Unfortunately, the adoption industry was built on a lot of shady
practices and imperialism. I know in terms of Korean adoption, a lot of Korean
mothers were manipulated into giving up their children so they could have “a
better life
,” and then denied records and communication when they wanted to get
in contact with their children. As far as I know in the US, adoptees aren’t
allowed access to their adoption files without parental consent until they’re
18. And many Korean adoptees who have tried to find information, files, and
contact information of their birth families are denied and frustrated when met
with a lot of bureaucracy.

How is this related? 

Akira and Arima are withholding information from Haise and actively lying to him about it. They completely fabricated a new
identity for him and Haise knows that. There’s an uncomfortable power dynamic in this whole thing, since Akira and Arima are his superiors and “surrogate parental figures.” Akira was specifically given orders to act as a motherly figure for Haise as leverage/in order to keep him under control. Even when pleading with Akira in chpt.

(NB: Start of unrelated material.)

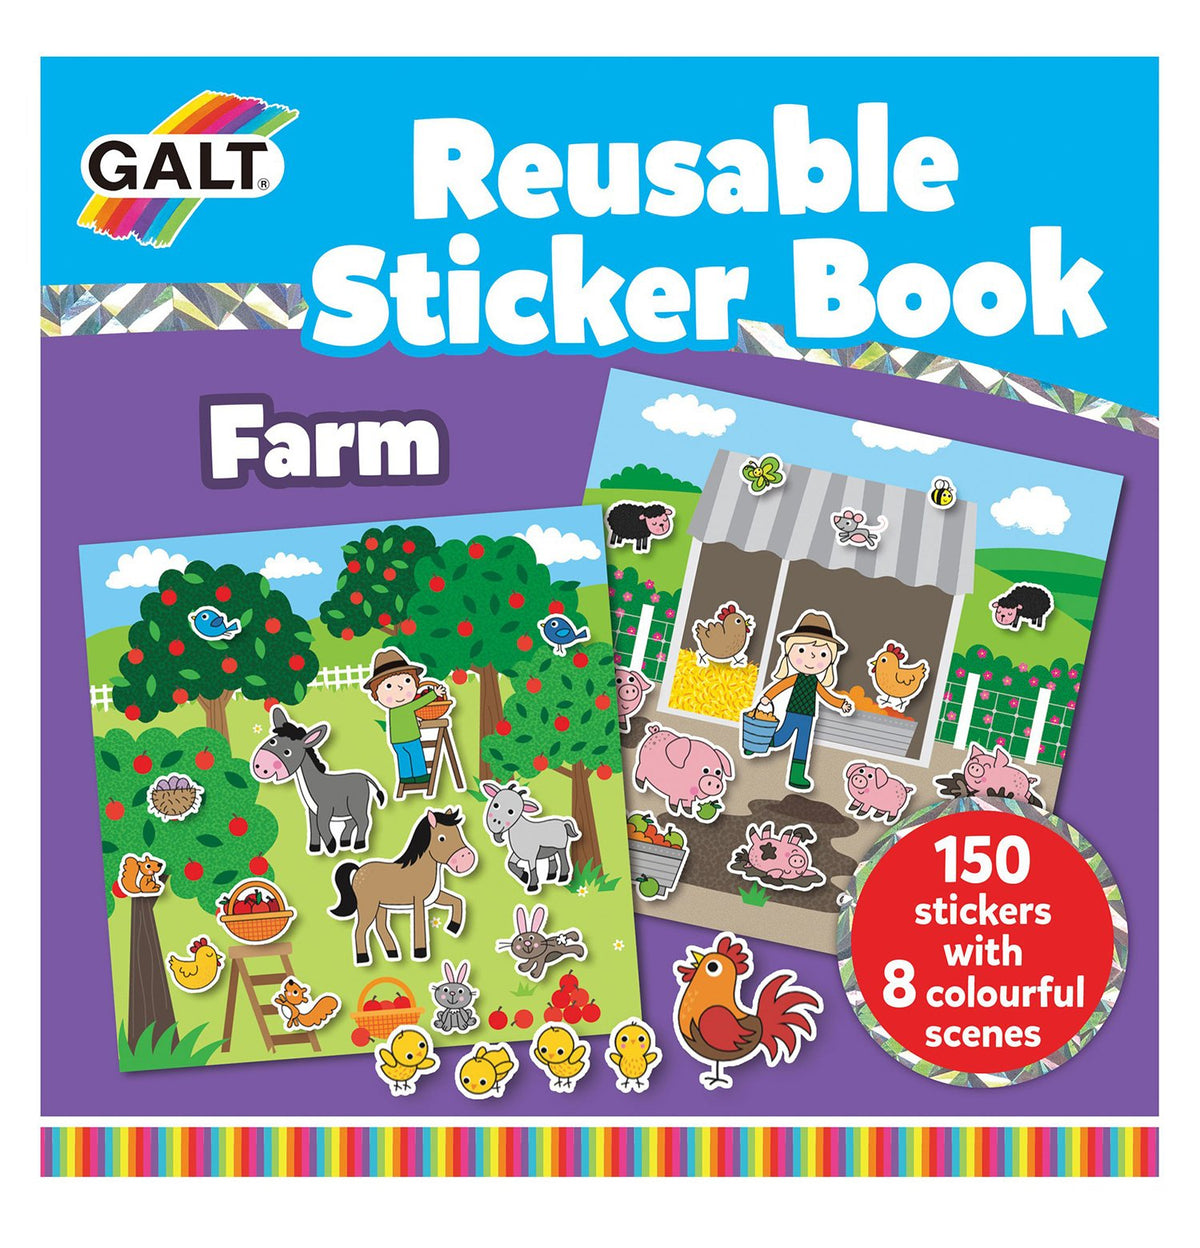 Reusable Sticker Books - Galt

45, Haise is only met with resistance then a weak attempt at consolation (“You’re
yourself… Names are [not important]). Expect names are important – taking away
someone’s identity is wrong. People should have the basic right to know about
themselves. And I don’t care how “nice” Akira and Arima are to Haise or if they
genuinely care for him because the bottom line is: withholding information and lying about something like that is emotionally
abusive and manipulative.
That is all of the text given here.